My Business Plan

Business Plan

Business Plan

Gave a lot of thought this weekend in developing a business plan. Some way to gain a little coin without being encumbered by rules, and regulations such as would inhibit the profitability of such a venture. I studied many models, and theories, even watched one of them info-mercials where some guy in a pool out in Arizona somewhere told me that if I just cashed in my 401K and send it to him that I could get a cruise to Mexico. I gave that some thought, but I’ve been to Mexico and decided against it.

Anyway, I finally developed a model that seemed to fill the bill. I’m going down to Walmart today, and I’m going to buy me one of those state of the art printers. You know, one of them super high tech, WiFi gadgets that will print from my iPhone, TV, just about anywhere I want. Then I’m going to Staples and buy me the best paper I can find. You know, the cotton stuff. I am bringing all this back home and put my plan in action.

I’m going to start by printing me up a couple billion dollars.
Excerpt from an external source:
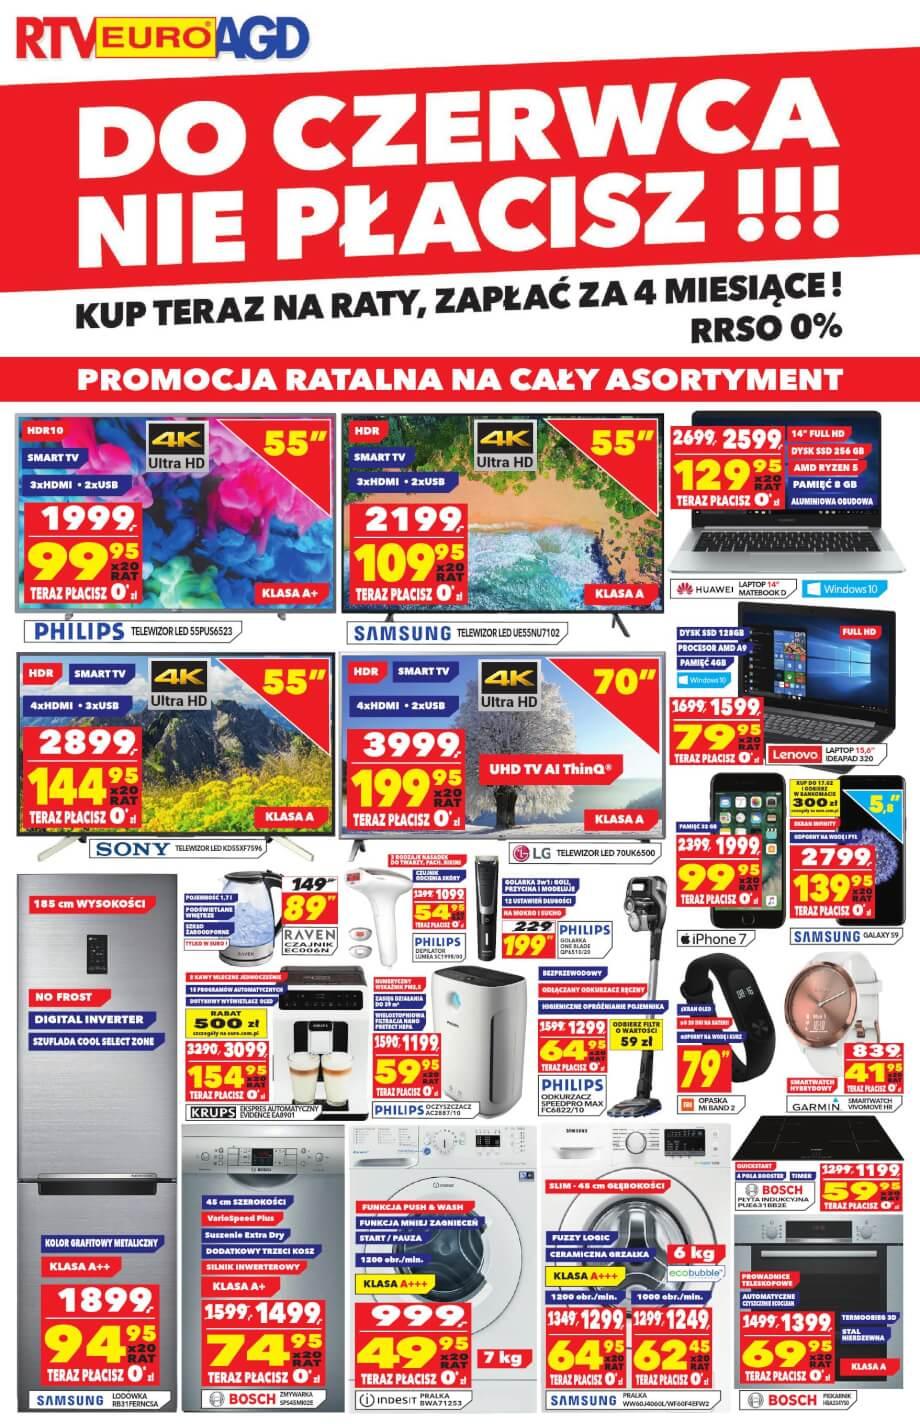 RTV Euro AGD, gazetka do 28.02.2019
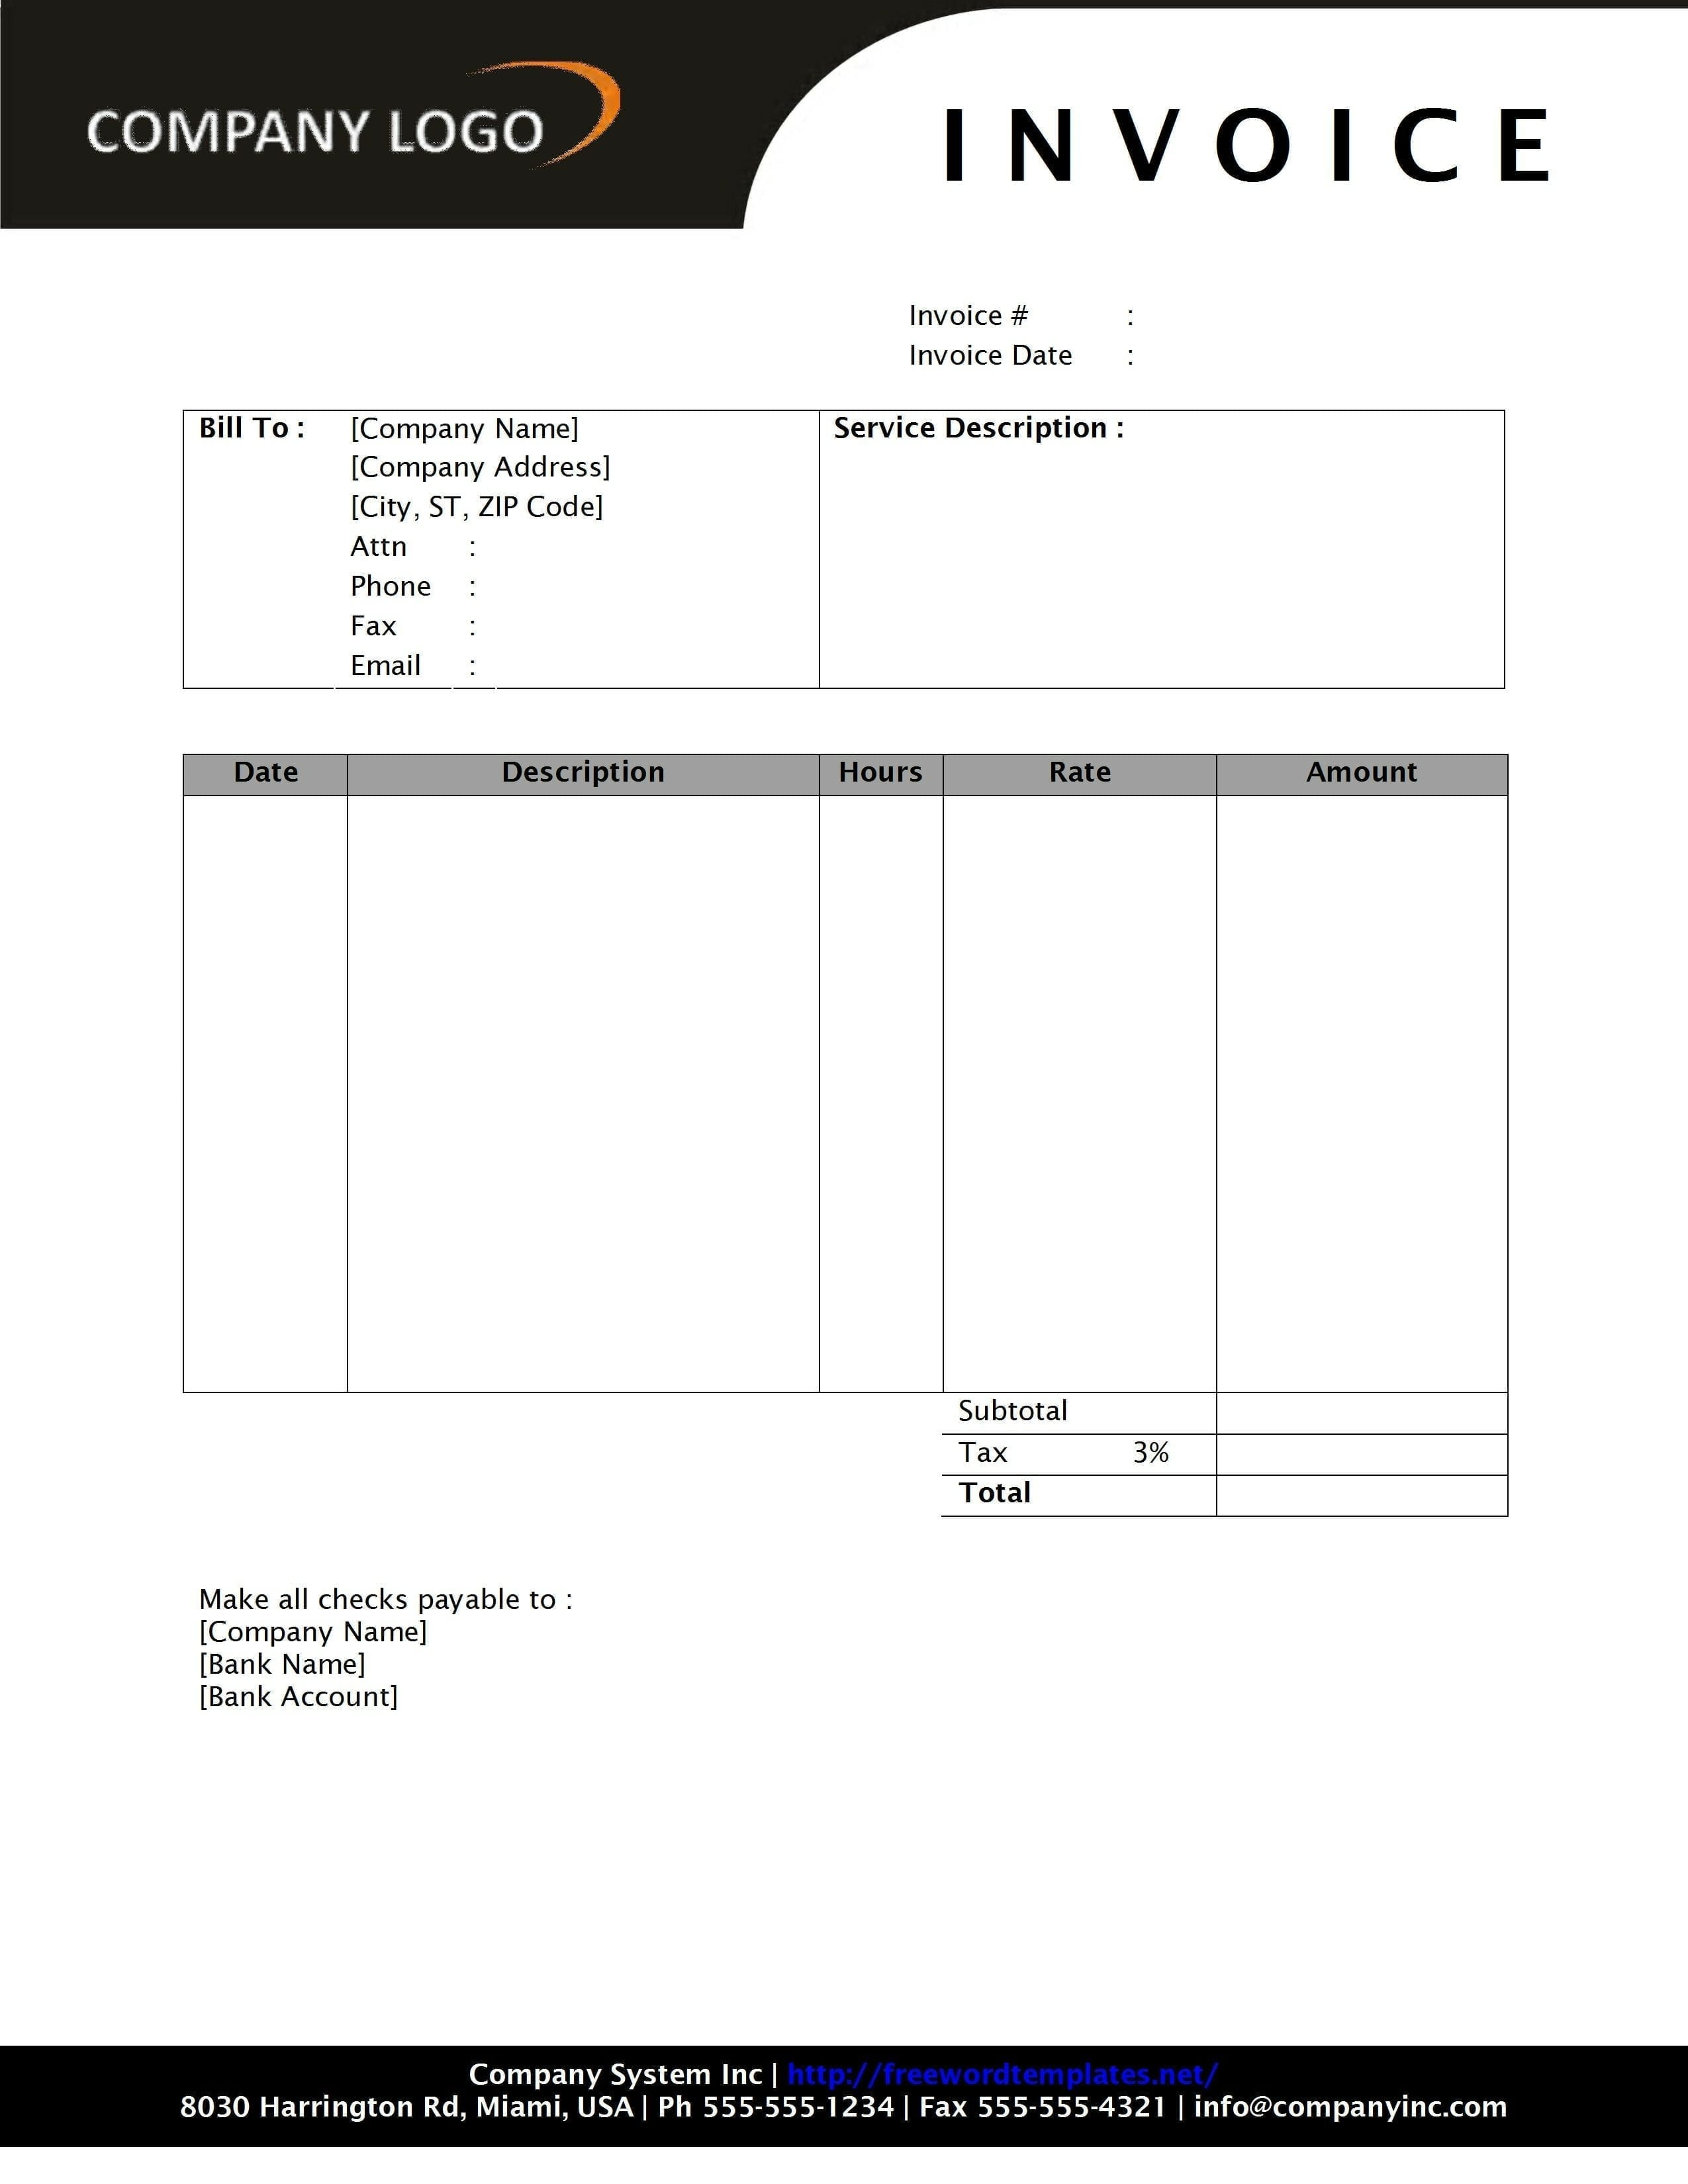 Invoice Template Microsoft Word 2010 Invoice Template Microsoft Word Spreadsheet Templates for Busines Spreadsheet Templates for Busines Simple Invoice Template Microsoft Word

I will sell these dollars to local businesses who need spot cash, and of course charge for the service, toner costs money you know. Now for regular customers I’ll charge accordingly, but like, crack dealers, folks like that, we’ll cut a special deal, and of course I won’t spread the word on all these deals, we’ll just keep it between us. I’ll need a new car, so I’ll just print up some cash for myself and run down there and buy it on credit. See how that works? I got the cash, but I won’t spend it, I’ll just show it to them, and then default on the loan. If they get all uppity about it, I’ll just show them more cash, spread the wealth a little, and keep the car. This will create a debt that will bankrupt the car lot, but no matter. Another customer!

If the police get involved then I’ll just tell them that they have no authority over me, and that’s because I’ll be printing money for the whole city council, and they’ll be so far in debt to me that the police will just have to take a number and go home. Oh, if they need, like, bullets or such, then I’ll be happy to help them out, and that’ll work right in because when the people I don’t hold up get all concerned, and start to have what you call citizen’s action groups, I’ll just sic the cops on them, and they’ll go right away.

Had to come up with a name for this conglomeration. Something catchy, official sounding, and elusive. I couldn’t come across like the out and out criminal that I am, I mean selling folks paper that’s absolutely worthless. After much consideration I came up with a name. I’ll just call it The Federal Reserve. Yeah . . . that ought to work.  How do ya’ll like my business plan?